К приезду замдиректора Петра Алексеевича виварщицы тетя Наташа и тетя Катя все ноги обколотили об институтскую дверь и теперь стояли, устало матеря «пьяную сволочь» Михалыча и время от времени безнадежно дергая дверную ручку. Саша Грачев несколько раз обежал институт по периметру, попрыгал, пытаясь заглянуть в окна, но безуспешно. Окна были расположены высоковато, зарешечены и еще не помыты после зимы.

К тому времени, как дождались приезда полиции, отыскали слесаря и взломали дверь, как оказалось, запертую изнутри на щеколду, перед институтом уже стояла тревожно гудящая толпа сотрудников…


– Лизочек! Ну почему ты меня не разбудила? – Людмила возмущенно таращила на Лизу круглые зеленые глаза.

Лиза, уже совершенно одетая, лежала на кровати с книгой. Она мрачно глянула на Людмилу из-под темной челки.

– Ну Людмилища! Ты лучше молчи, а то я тебя покусаю, придется прививки делать. От бешенства!

– Ну Лизочек!

– Давай, собирайся, – перебила Лиза. – Мне сегодня мышей взвешивать, мороки на весь день. Я хочу пораньше пойти. Или не ждать тебя?

– Ждать, ждать! – Людмила вскочила с постели и понеслась умываться.

Выходя из общежития, они увидели Валеру Николашина, с которым работали в одной лаборатории и жили по соседству. Валера уныло брел, как всегда ссутулившись и шаркая ногами.

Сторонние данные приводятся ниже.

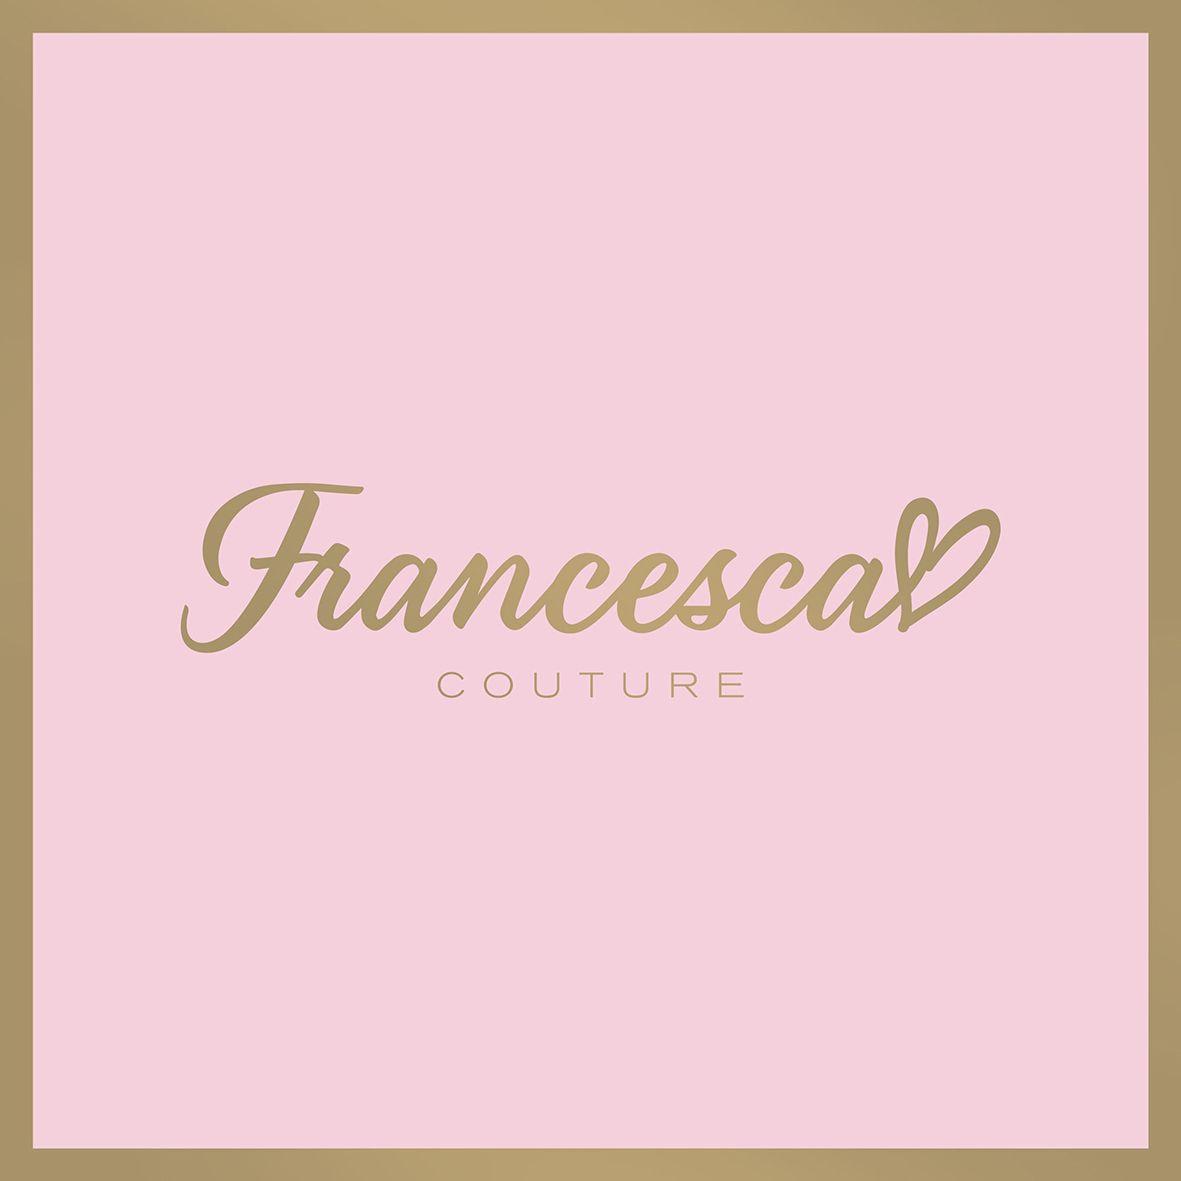 Francescas Logo - Francesca Couture. Made with Love

Валеру Николашина Лиза считала Большим Жизненным Парадоксом. Это был самый красивый мужчина из всех, кого она когда-либо встречала. Стройный, высокий синеглазый брюнет с красивым, умным, тонким лицом и густыми волосами. С такой внешностью следовало бы легко и победно шагать по жизни, благосклонно подбирая или высокомерно отбрасывая подстреленные женские сердца. Валера же влачил себя как черепаха, придавленная многопудовым панцирем, не успевая при этом уворачиваться от пинков судьбы.

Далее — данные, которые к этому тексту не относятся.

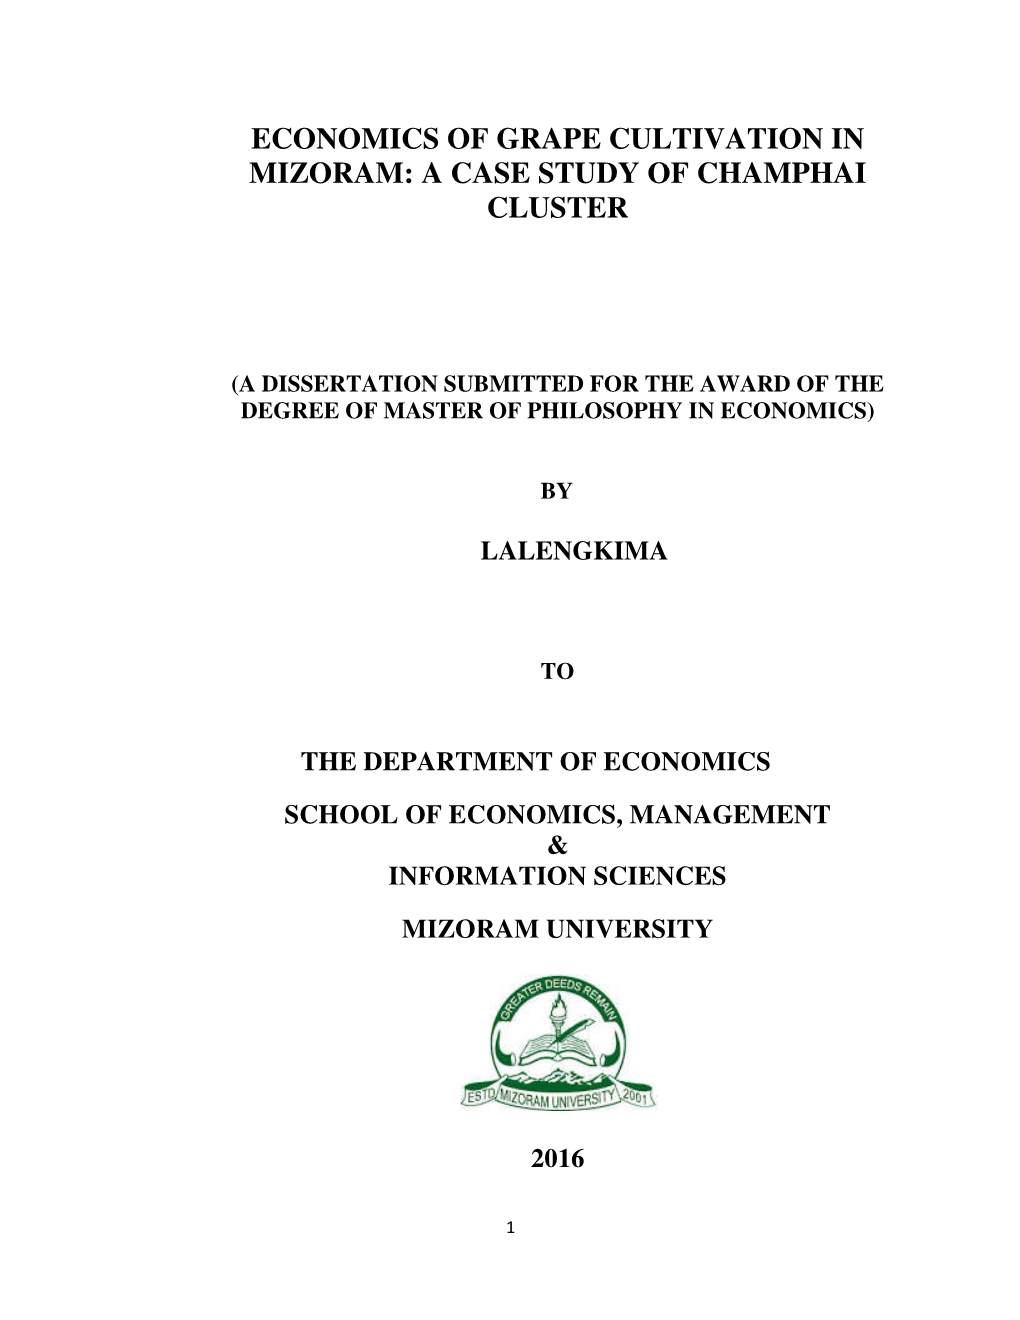 Economics of Grape Cultivation in Mizoram: a Case Study of Champhai Cluster

Валера был ужасающе невезуч. Об этом в их институте ходили легенды.

Это именно на него лаборантка Диночка опрокинула однажды горячий «хромпик» – едкую смесь, применяемую для мытья лабораторной посуды. Хорошо еще, что сам Валера не пострадал, обошлось сожженными халатом, брюками и ботинками. Валере пришлось два часа сидеть в трусах, стыдливо кутаясь в чужой халат и пряча под столом голые ноги, пока сердобольная Людмила Пчелкина сбегала в общежитие, разыскала Валерину жену Свету и принесла целые штаны и обувь.

Именно на Валеру упала невесть как сорвавшаяся с упора тяжеленная створка вытяжного шкафа и переломала ему руку. Но этим дело не кончилось. Завлаб Петраков, несмотря на то что слыл человеком гуманным и сострадательным, наотрез отказался оформить Валерин перелом как производственную травму. Дело было в том, что Валера курил у вытяжки, держа руку с сигаретой внутри, чтобы дым не шел в комнату. Как раз в тот момент, когда падала створка, злая судьба занесла в лабораторию Петракова, и он успел увидеть, как тлеющая сигарета, выпав от удара из Валериной руки, отлетела аккурат к бутыли с ацетоном.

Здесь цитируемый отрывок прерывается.